[Records provided]

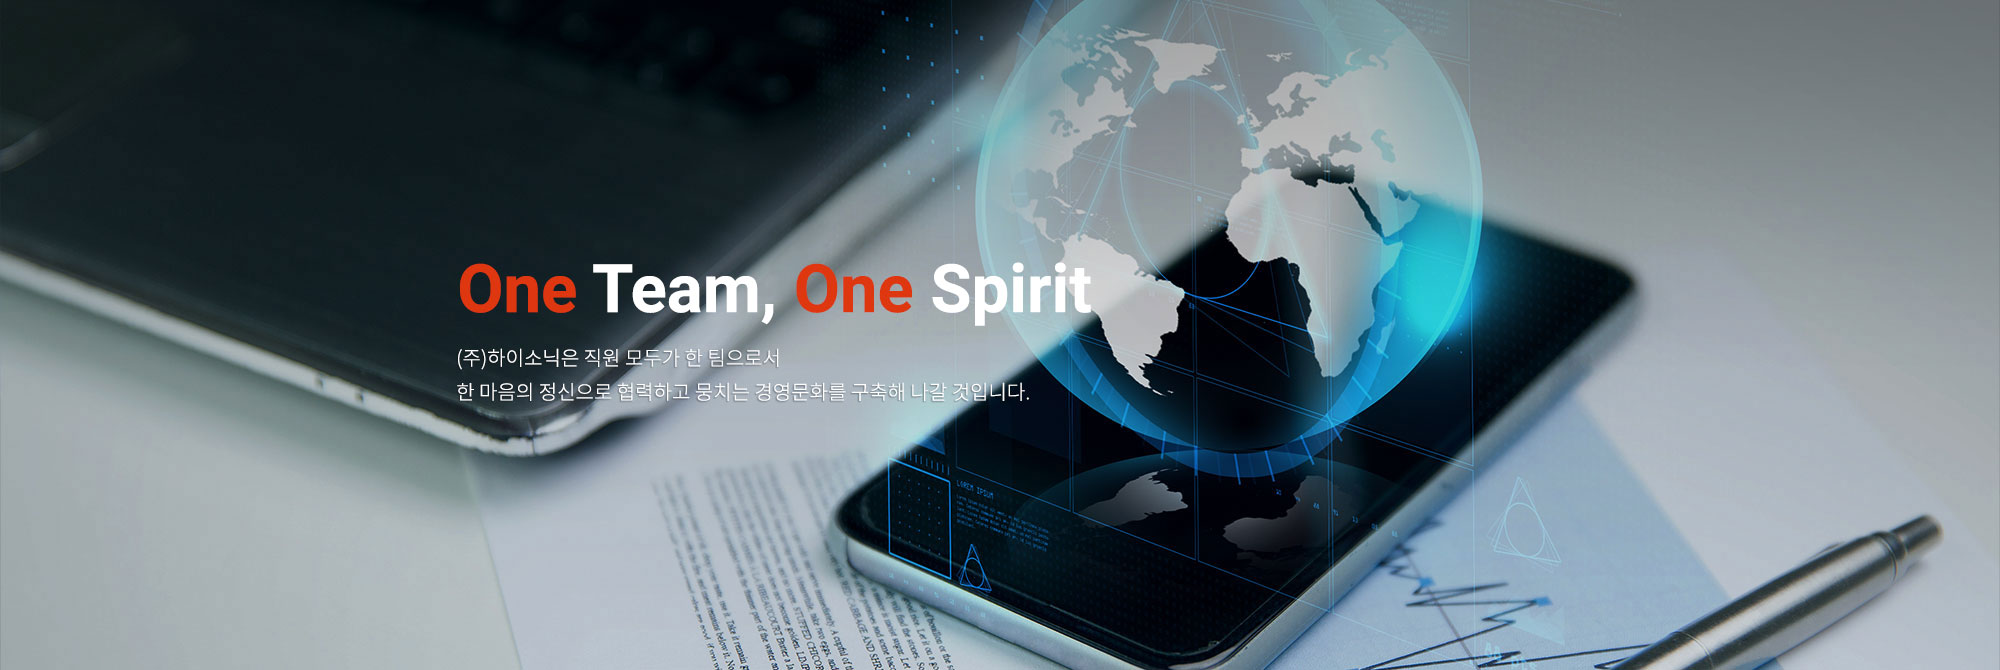 One Team, One Spirit (주)하이소닉은 직원 모두가 한 팀으로서 한 마음의 정신으로 협력하고 뭉치는 경영문화를 구축해 나갈 것입니다.
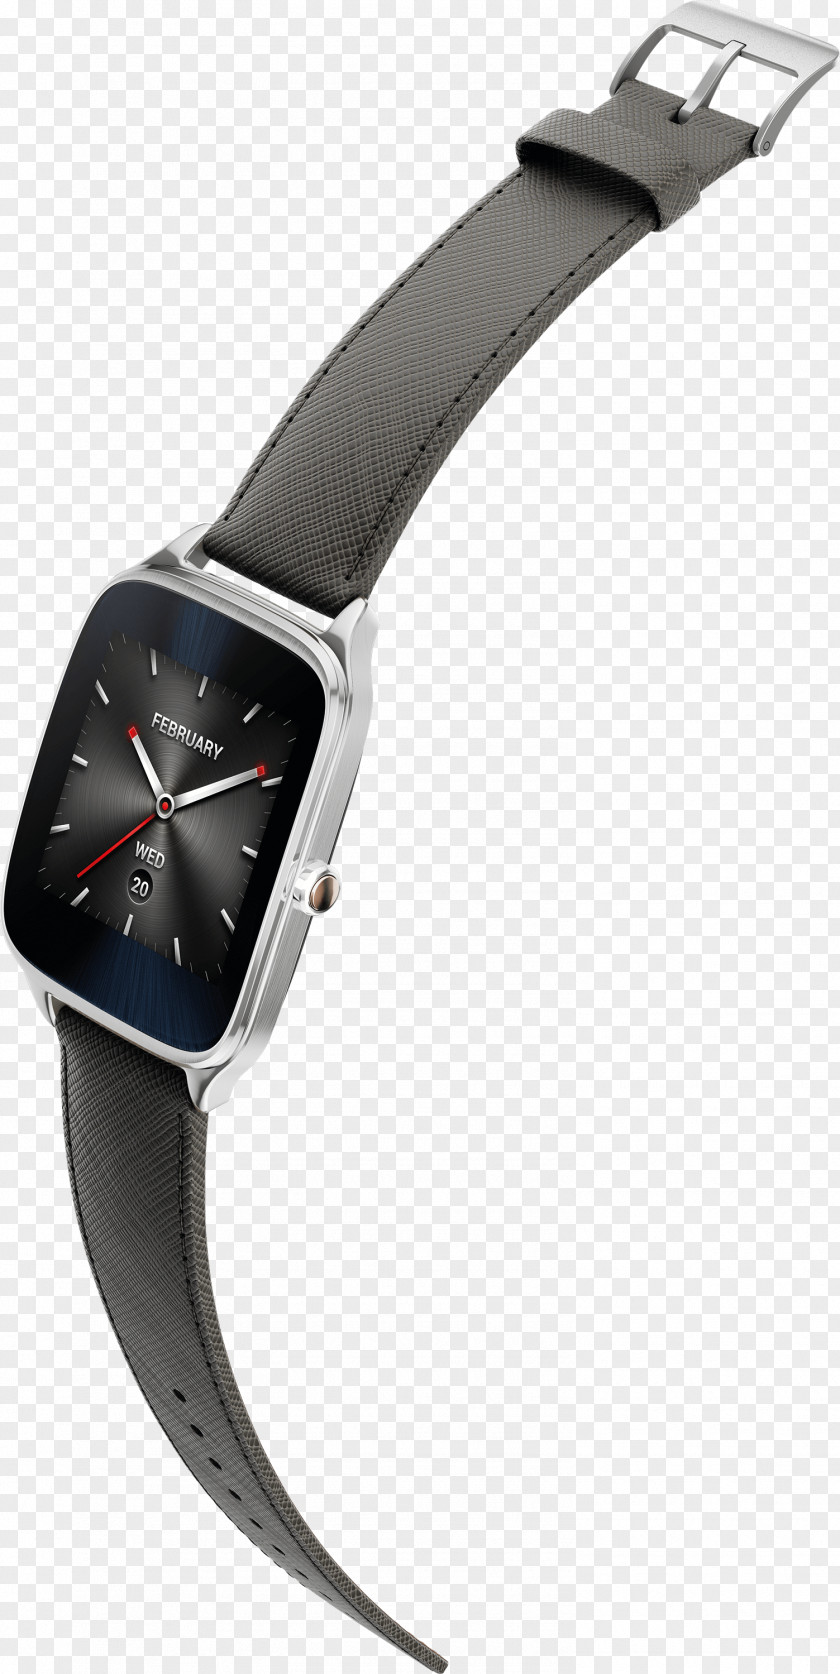 Watch ASUS ZenWatch 2 LG G Smartwatch PNG
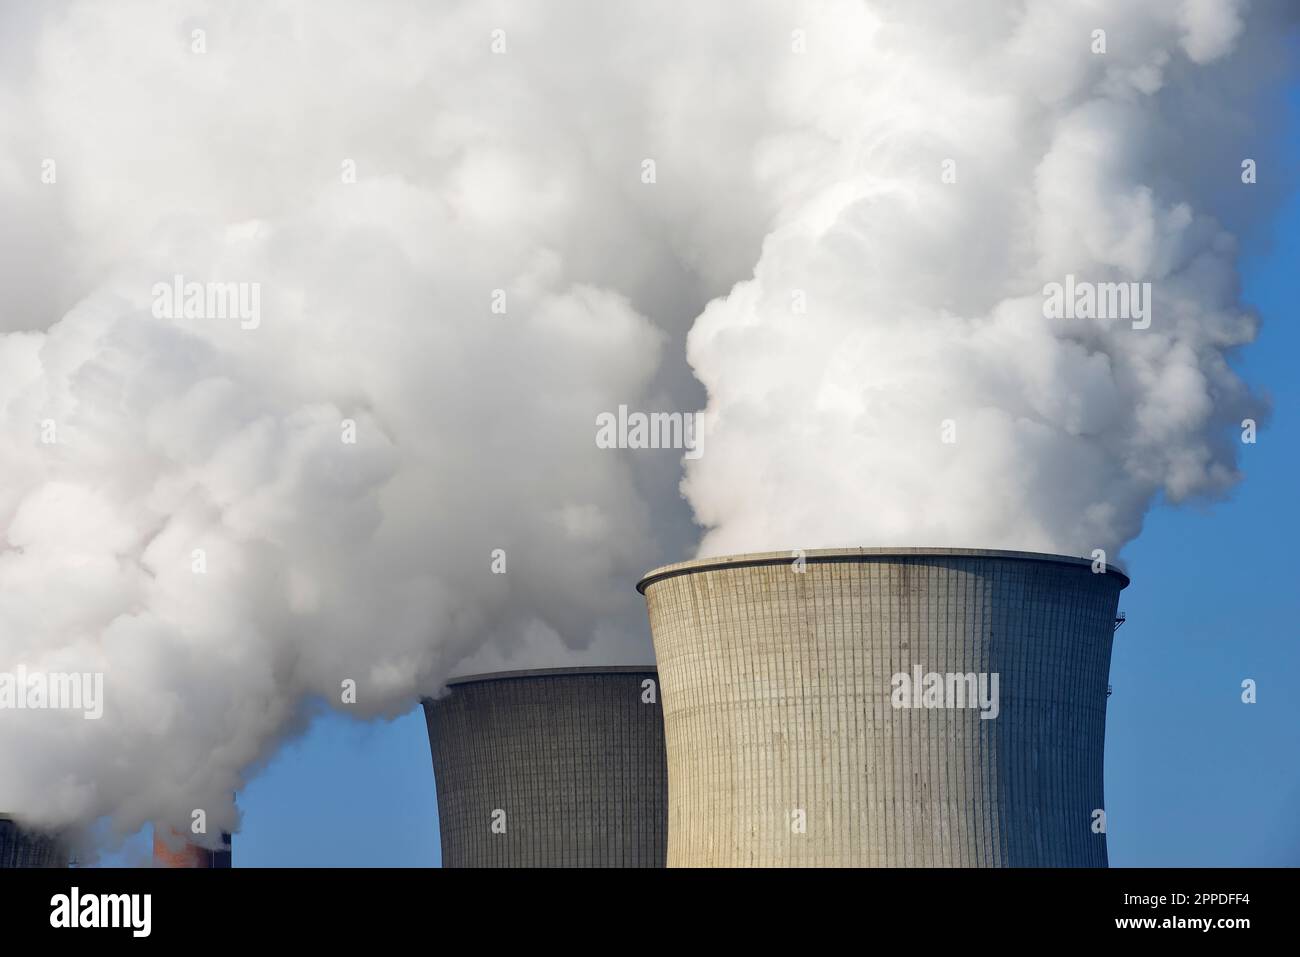 Germany, North Rhine Westphalia, Neurath, Cooling towers releasing clouds of water vapor Stock Photo
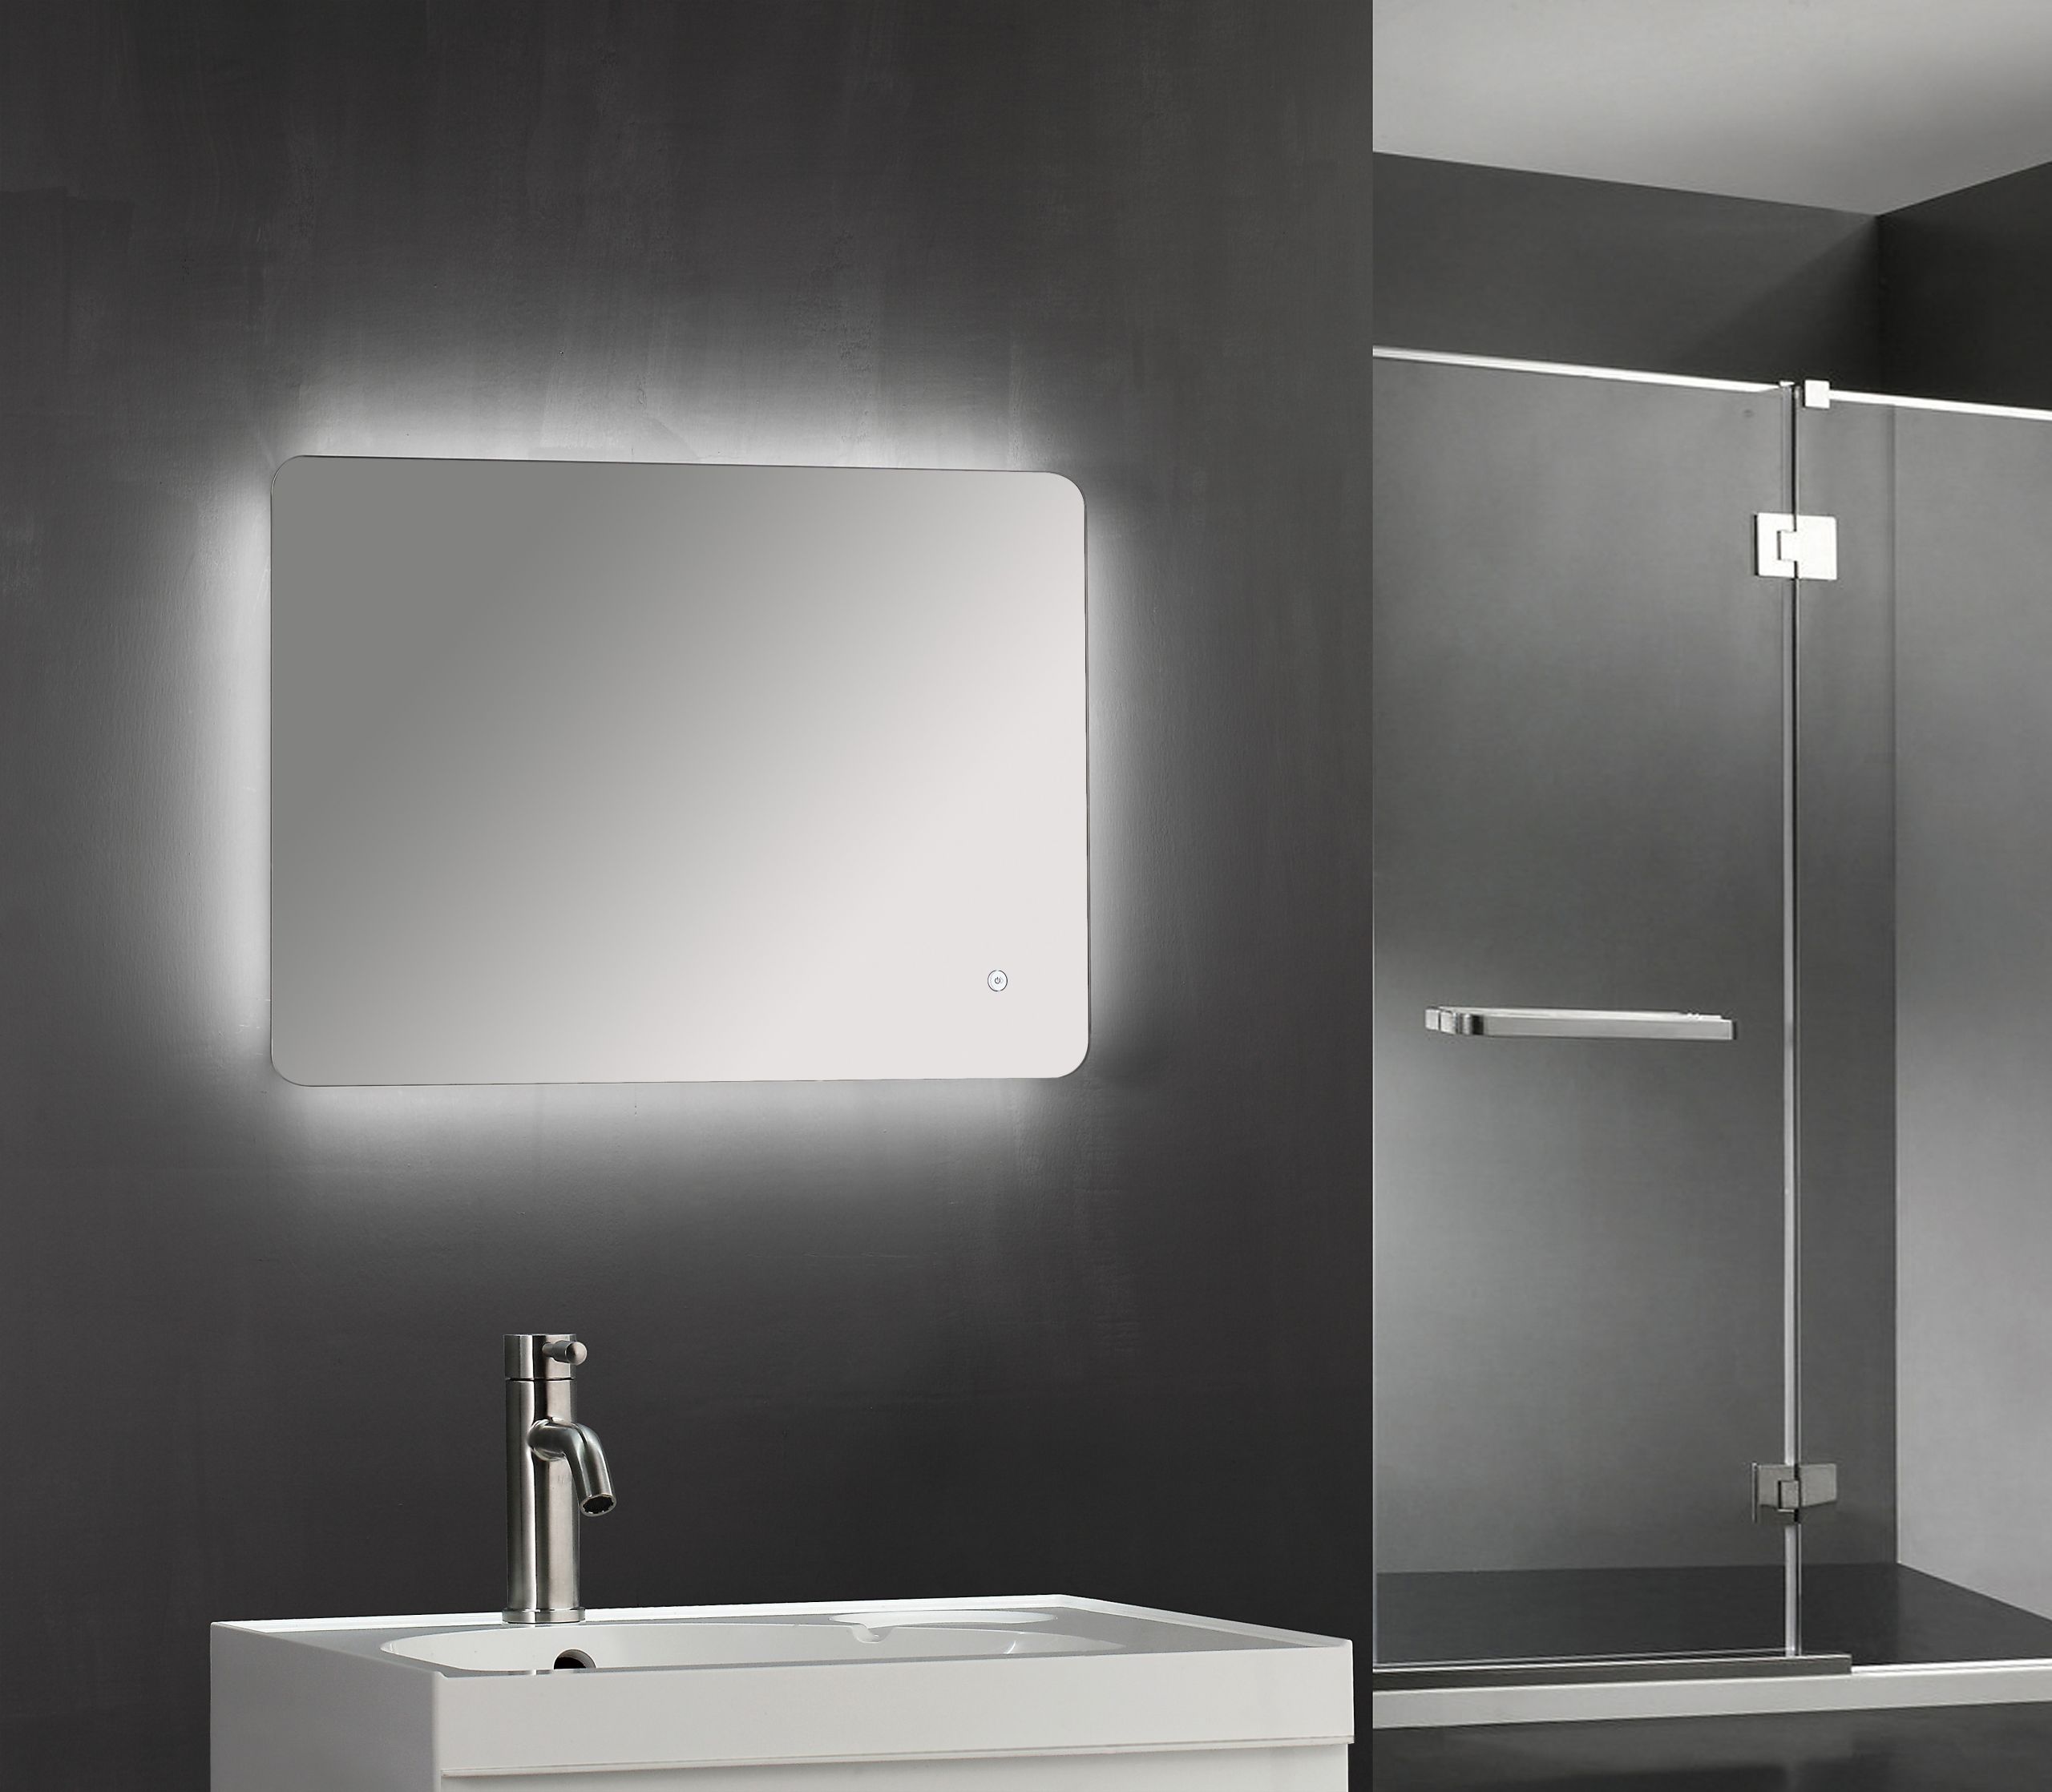 Lit Bathroom Mirror
 500 x 700mm Backlit LED Illuminated Touch Bathroom Mirror

[/Records provided]

> [Try it]: The entries above need an exact copy without their pictures.

> [Exercise output]:
 One Team, One Spirit (주)하이소닉은 직원 모두가 한 팀으로서 한 마음의 정신으로 협력하고 뭉치는 경영문화를 구축해 나갈 것입니다.
 Watch ASUS ZenWatch 2 LG G Smartwatch PNG
 Germany, North Rhine Westphalia, Neurath, Cooling towers releasing clouds of water vapor Stock Photo
 Lit Bathroom Mirror
 500 x 700mm Backlit LED Illuminated Touch Bathroom Mirror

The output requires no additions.